The Battle of Maes Moydog was a battle that took place at the field of Moydog (, also Meidiog) on 5 March 1295 during the revolt of Madog ap Llywelyn and others against English rule, near the modern-day town of Llanfair Caereinion in Powys, Wales.

The battle
Madog's opponent was the Earl of Warwick who, on hearing that Madog's army was camped in a valley close to his base at Welshpool, made a night march on 4 March and surrounded Madog's army. Madog had his spearmen formed into a square, and may have repelled an English cavalry charge, killing around 10 men at arms. However, Warwick's innovative deployment of archers and crossbows gave the English the upper hand. Madog’s men were routed and flew into headlong retreat across the swollen river Banwy, in which many drowned.
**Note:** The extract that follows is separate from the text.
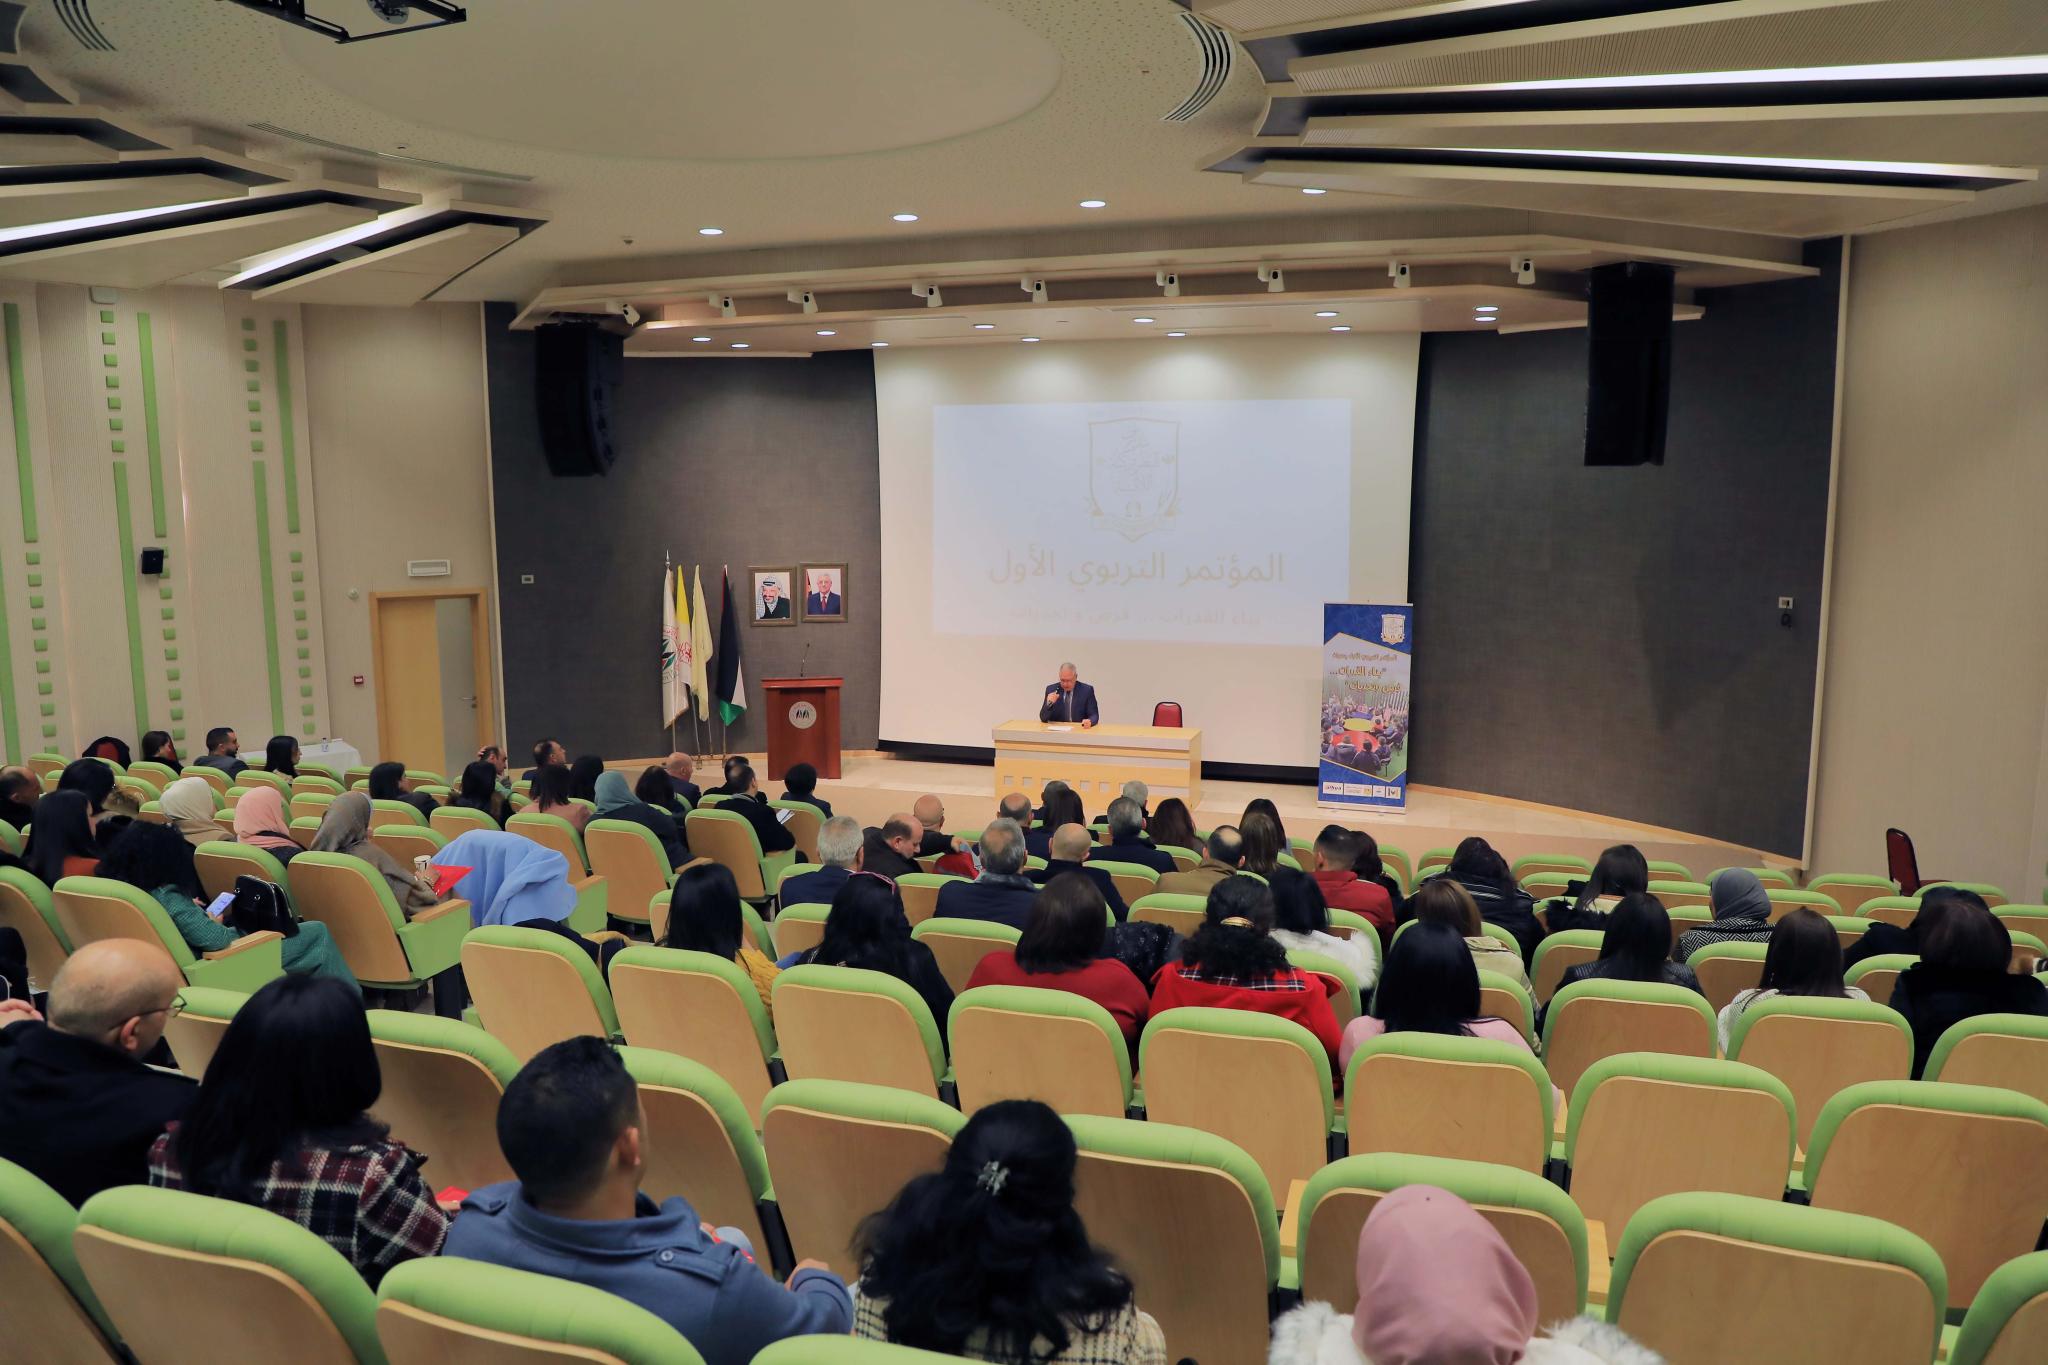 الجامعة حرم رام الله تستضيف المؤتمر التربوي الأول لمدارس البطريركية اللاتينية

A primary source for the Battle is the Annals of Worcester :

Quinto die Martii Willelmus de Bello Campo comes Warewik commisit bellum cum Wallensibus in loco quod dicitur lingua eorum Meismeidoc ; et prostravit ex illis de nobilioribus septingentos viros præter submersos et letaliter vul neratos. Sed Madocus ap Lewelin eorum princeps cum dedecore vix evasit. 

"On 5th March William de Beauchamp, Earl of Warwick, gave battle with the Welsh in the place which is called in their proper tongue Meismedoc; and  of whom he slew from those seven hundred noble men drowned and fatally wounded. Madoc ap Llwelyn their captain, however, he escaped with difficulty to their own disgrace."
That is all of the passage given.